Egalitarian groups also tend to view history as epochal, but because they have weak mechanisms for dispute resolution and are prone to frequent schism, they tend to exhibit a sense of historical self-importance that views the present epoch as a decisive historical moment. Hence, intergenerational responsibility is very strong, but trust in formal institutions is weak. If consent cannot be obtained from future generations, and our descendants cannot force long-dead decision makers to pay for their errors, then we have no right to accept risks on behalf of those descendants. "Under these conditions the apparent discount rate used for environmental and intergenerational calculations is very close to zero, possibly even negative" (Thompson and Rayner 1998:330).

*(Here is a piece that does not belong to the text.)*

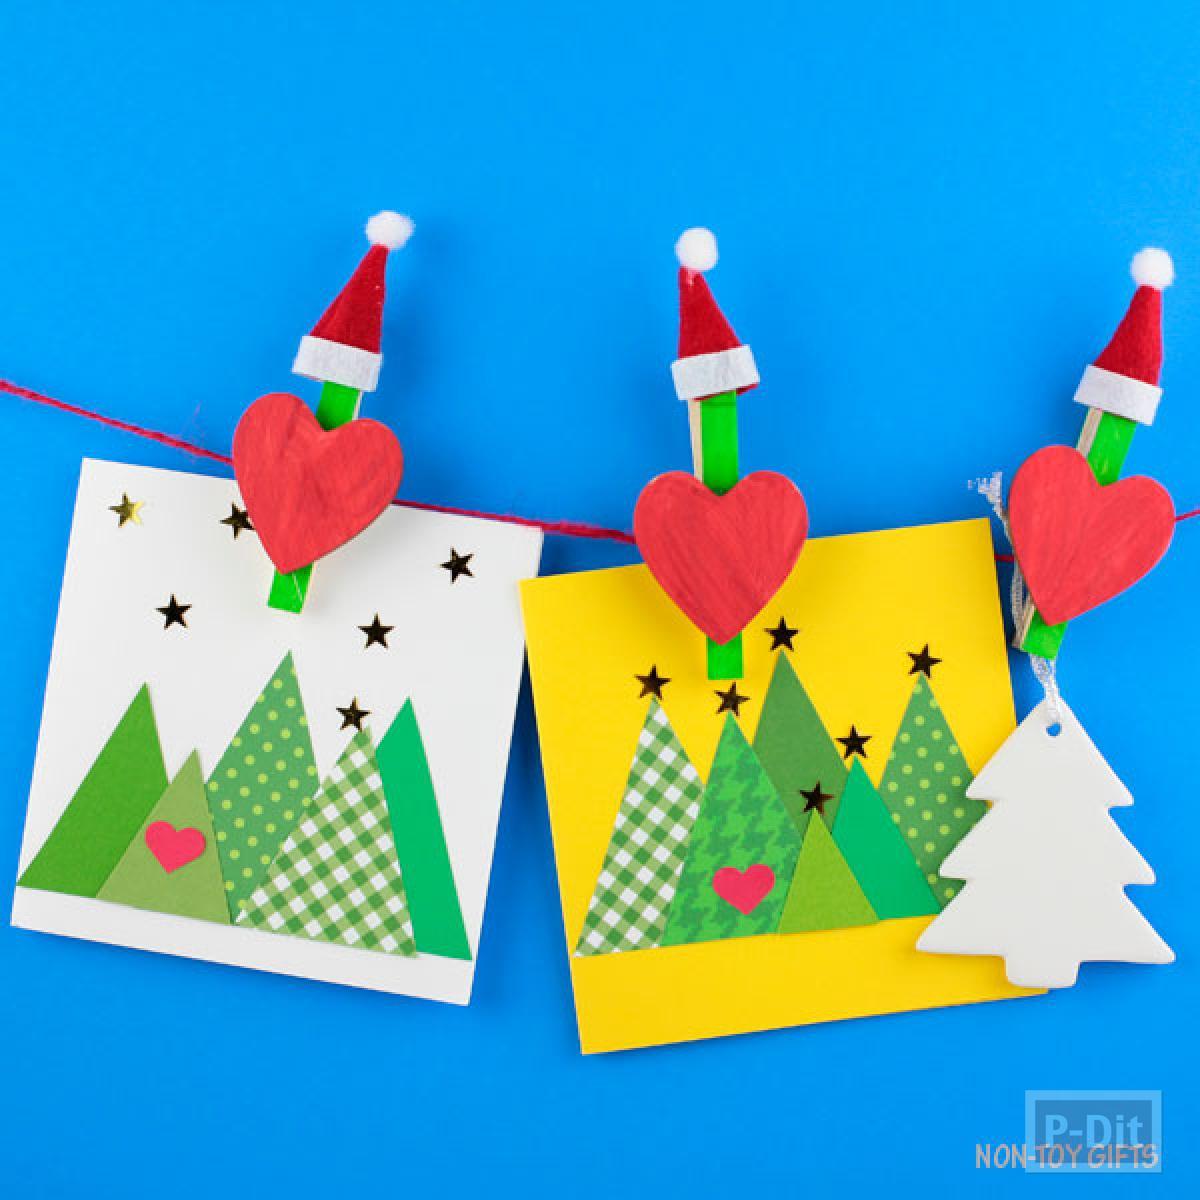 ตกแต่งไม้หนีบผ้า ประดับงานวันปีใหม่-คริสต์มาส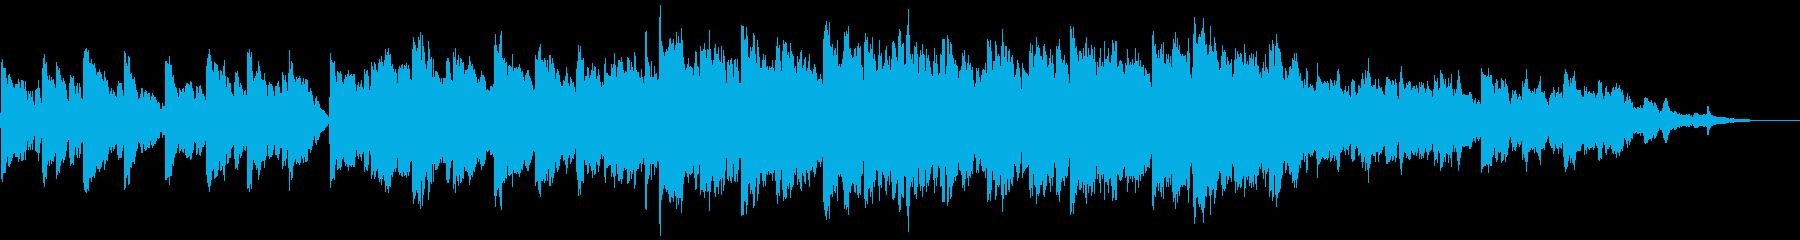 ピアノとストリングスの感動的なBGMの再生済みの波形

Cultural theory suggests that the ordering of social relationships within networks is essential to understanding social capital and its impacts on the defi nition, recognition, and use of resources and materials throughout their lifecycles—from their geological or biological origins to their final biospheric resting places. Hence it seeks to measure the relational qualities of linkages in networks as well as the formal properties of weak or strong ties that characterize the social capital approach.